## Input:
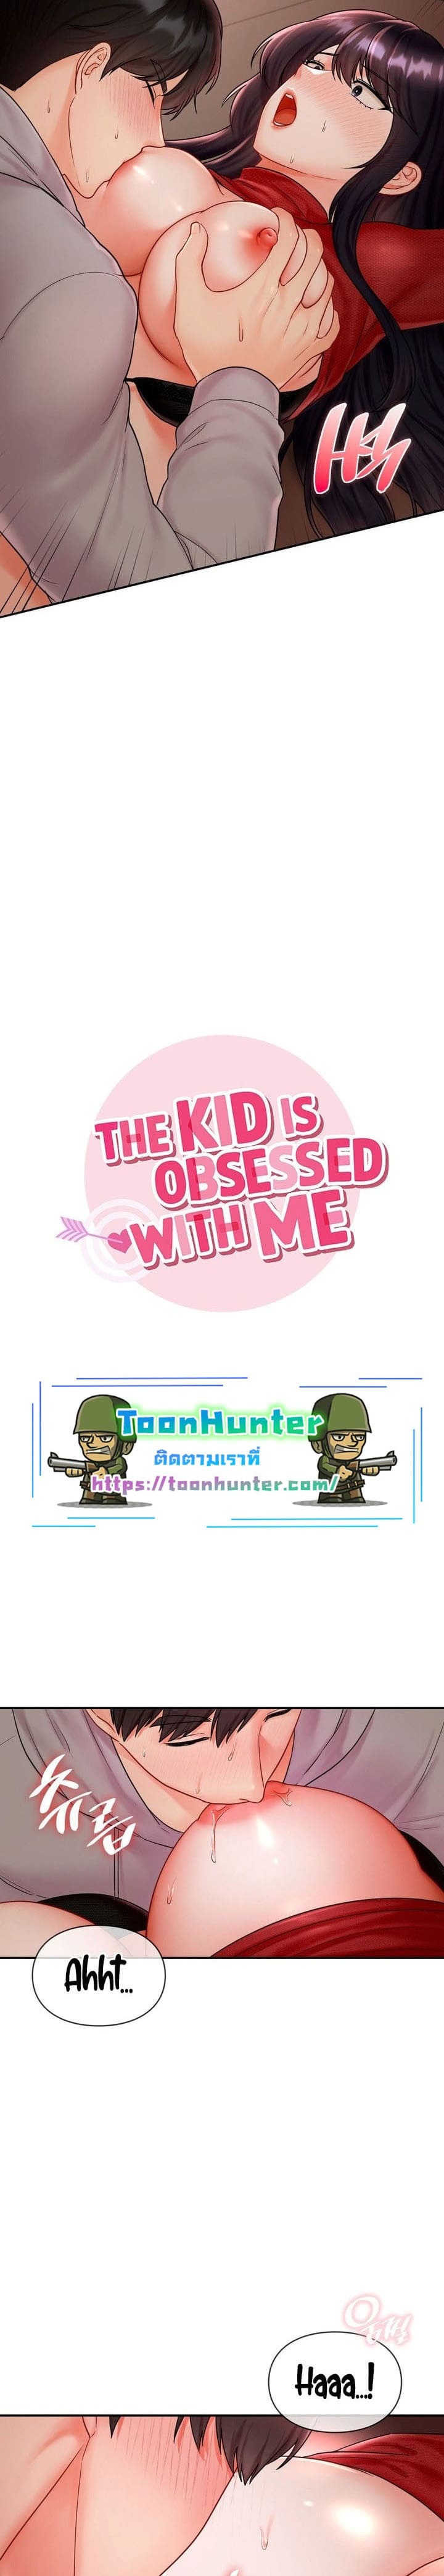 The Kid Is Obsessed With Me ตอนที่ 6 ภาพ 1
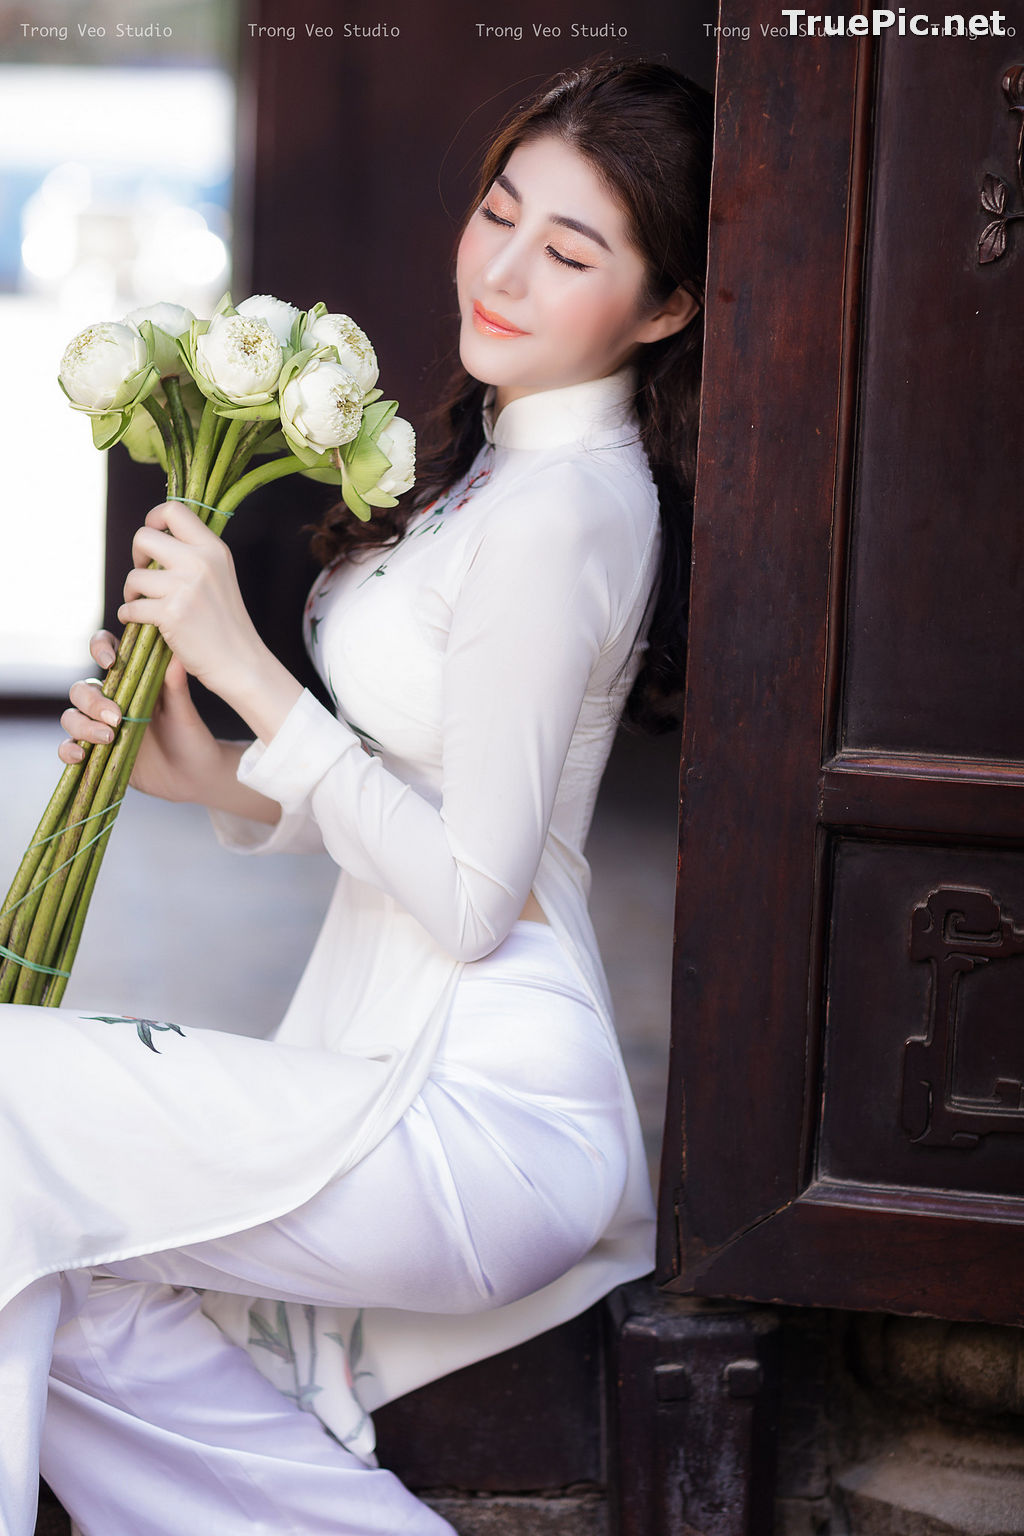 Image The Beauty of Vietnamese Girls with Traditional Dress (Ao Dai) #5 - TruePic.net - Picture-42
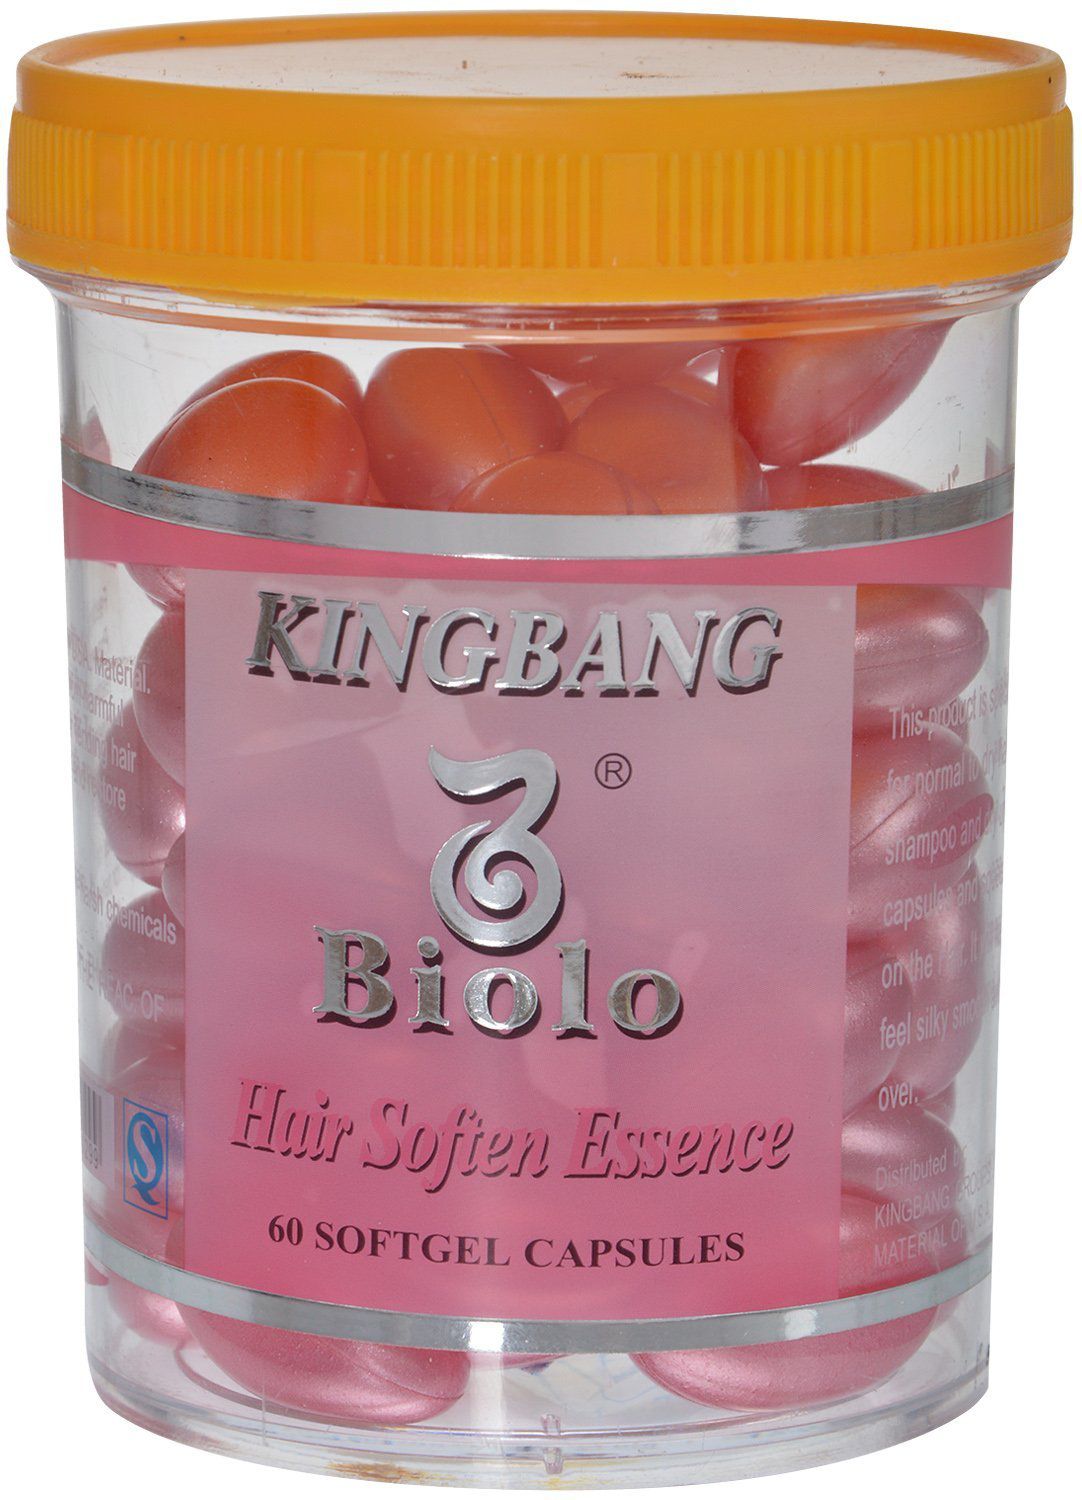 KINGBANG VITAMIN E ANIMATE HAIR SOFTEN ESSENCE HAIR SOFTGEL CAPSULE 60 x  : Buy KINGBANG VITAMIN E ANIMATE HAIR SOFTEN ESSENCE HAIR SOFTGEL  CAPSULE 60 x  at Best Prices in India - Snapdeal
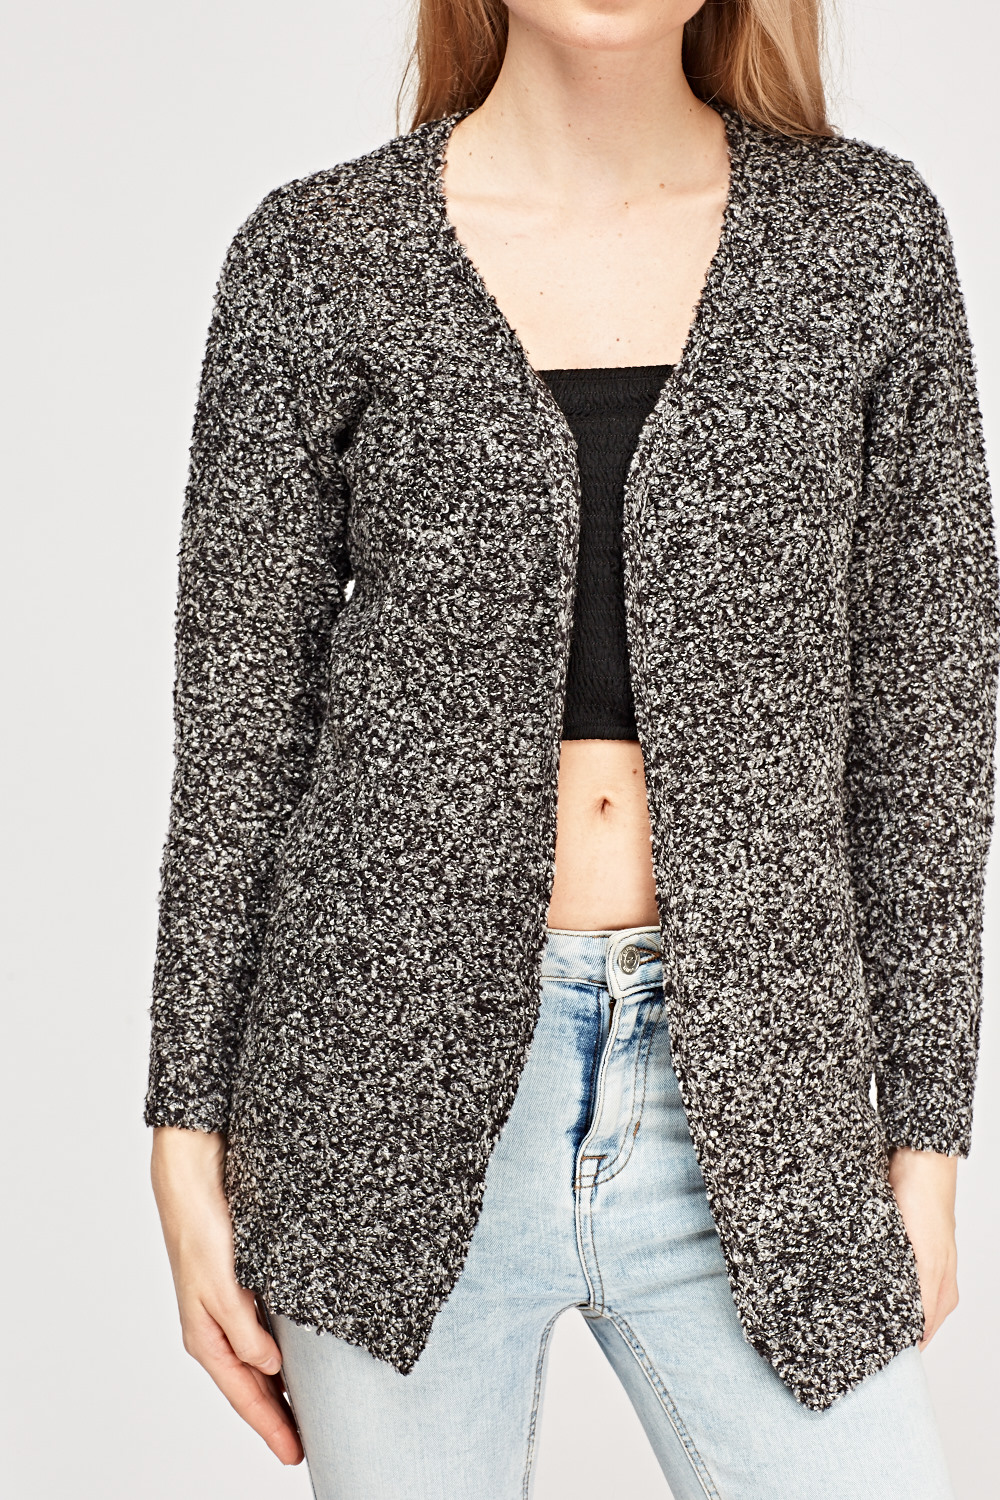 Bobble Knit Speckled Cardigan - Just $6
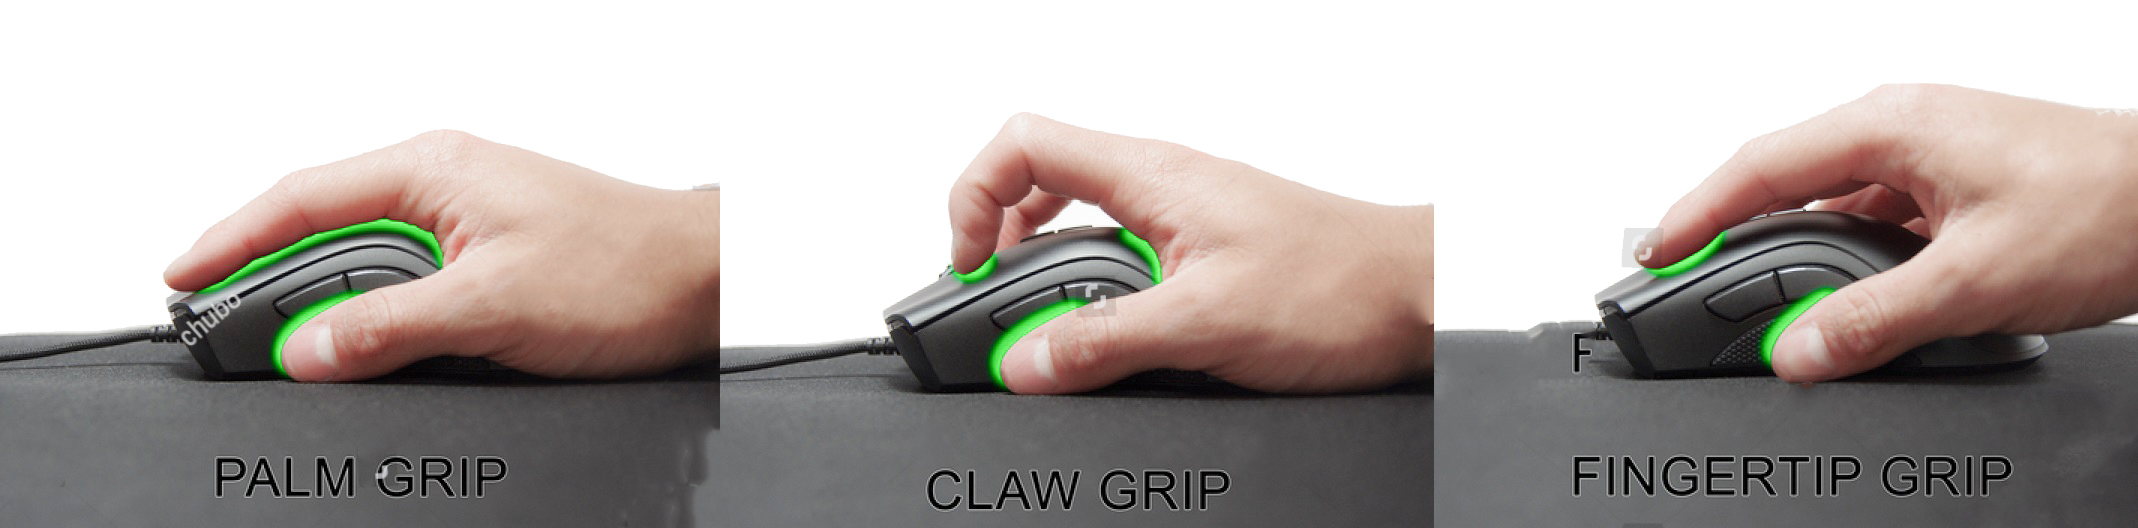 stock photo claw grip fingertip grip and palm grip of a mouse mouse grips holding a computer mouse 1795420465

## What is being asked:
Please return exactly the lines above, from where the listing starts to the line holding "Bobble Knit Speckled Cardigan - Just $6", inclusive, with the pictures omitted.

## Solution for this task:
 The Kid Is Obsessed With Me ตอนที่ 6 ภาพ 1
 Image The Beauty of Vietnamese Girls with Traditional Dress (Ao Dai) #5 - TruePic.net - Picture-42
 KINGBANG VITAMIN E ANIMATE HAIR SOFTEN ESSENCE HAIR SOFTGEL CAPSULE 60 x  : Buy KINGBANG VITAMIN E ANIMATE HAIR SOFTEN ESSENCE HAIR SOFTGEL  CAPSULE 60 x  at Best Prices in India - Snapdeal
 Bobble Knit Speckled Cardigan - Just $6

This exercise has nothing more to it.